Wolves guard Nickeil Alexander-Walker recalls watching Minnesota’s play-in game against the Clippers last season on television, and then the Wolves’ ensuing home games against the Grizzlies. He remembered how evident the crowd was in those games, even through his screen.

He got a taste of the environment first person when Minnesota matched up with Oklahoma City in last week’s play-in game. The support extended beyond the game. Alexander-Walker said fans stayed around the building in excess of 90 minutes after the game’s conclusion.

“So that love that you get is exciting,” he said. “And to be able to be on the road, go against trash talk, to come home to some love is huge.”

Anderson said Target Center is in the “top three” of the many playoff atmospheres he’s experienced, and he’s pleased to be on the crowd’s good side this time around.
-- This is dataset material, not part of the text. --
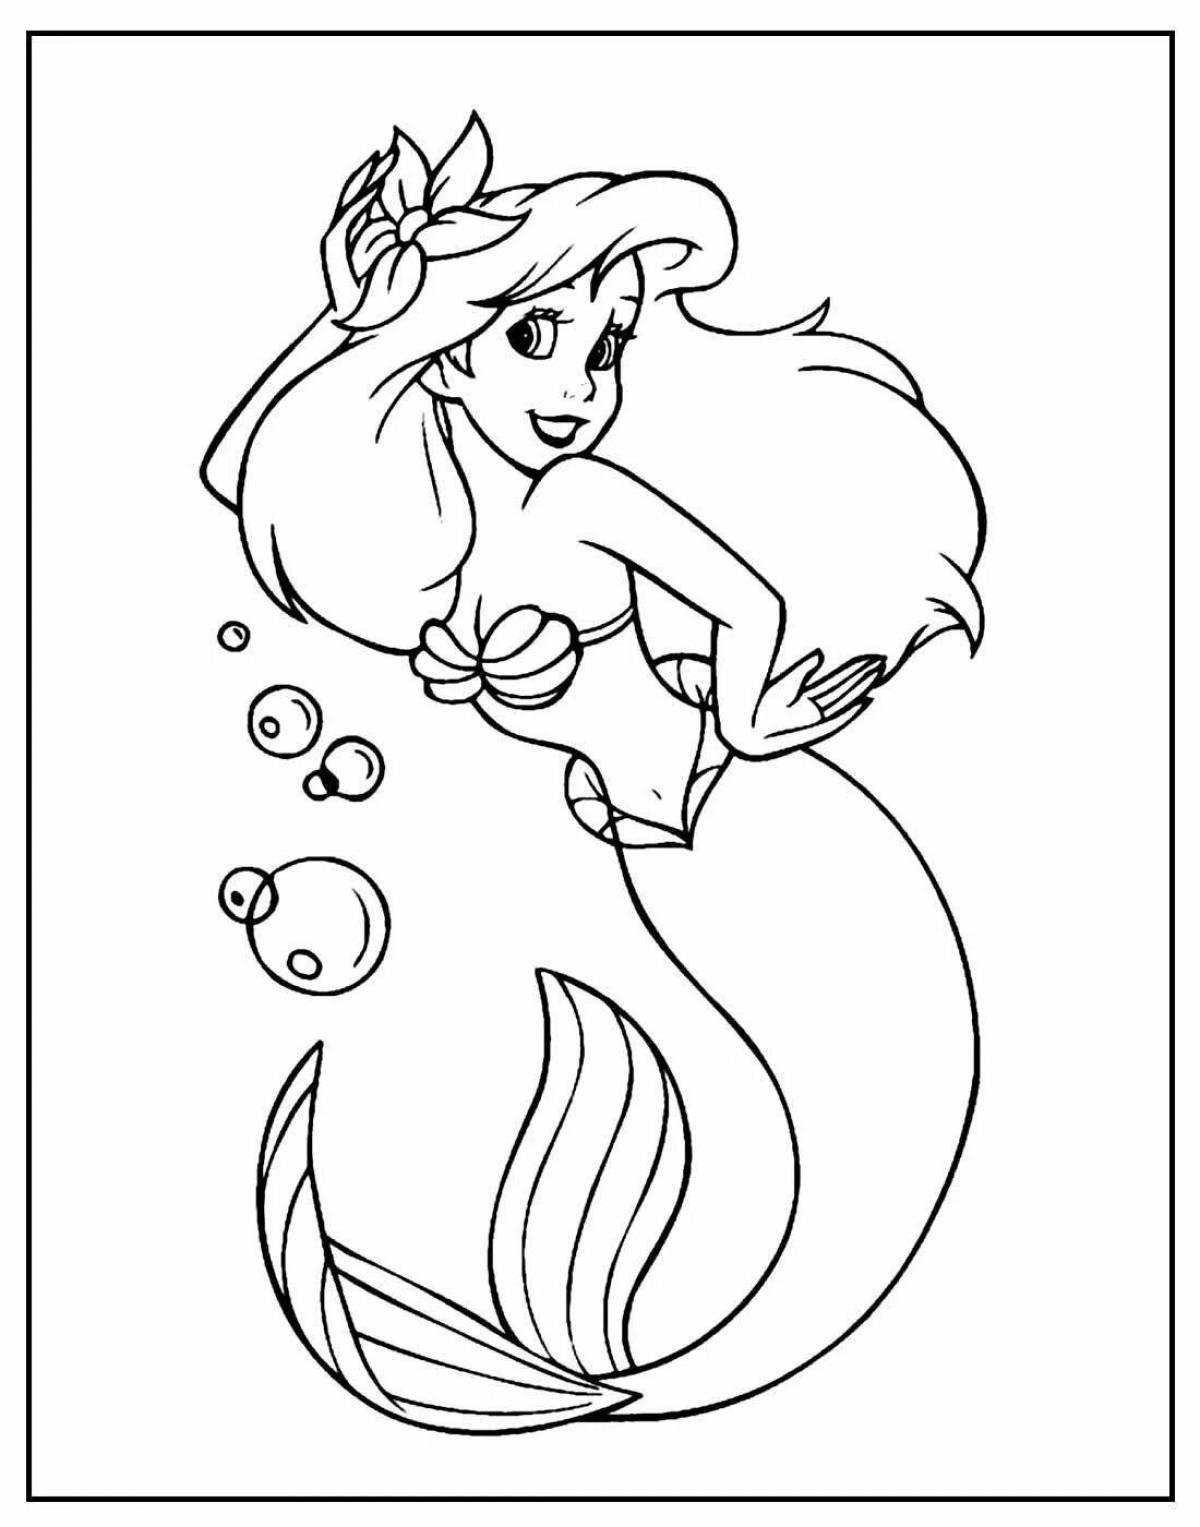 Ariel the little mermaid live coloring for kids

“That’s what you want to play the game for. Those moments when you’re a kid in the driveway, on the Fisher-Price net, you got that imaginary crowd, you gettin’ hyped, that’s what you live for — those moments,” Alexander-Walker said. “And for it to come to light, to experience that, to be a part of that, it’s fun.”

Jokic’s theory

Karl-Anthony Towns struggled through the first two games of this Western Conference first-round series ahead of Friday’s Game 3. The general thought is those performances are a continuation of Towns’ general postseason struggles.

But Denver star center Nikola Jokic had a different thought. He recalled Nuggets guard Jamal Murray’s return to the court this season after suffering a torn ACL at the end of the 2021 season.

The point guard, Jokic noted, was good directly out of the gates, then struggled for a period of time in November. Jokic hypothesized those struggles could be a stage Towns — who shined in various games after returning from the calf injury that sidelined him for four months — is currently working through.

Anybody else?

At halftime of Minnesota’s Game 2 loss in Denver, TNT analyst Charles Barkley listed the players he liked on the Timberwolves’ roster.

Mike Conley — “who’s 102 years old,” Barkley said — and Anthony Edwards.

Kenny Smith then asked if there was no one else.

“I stopped, didn’t I?” Barkley responded.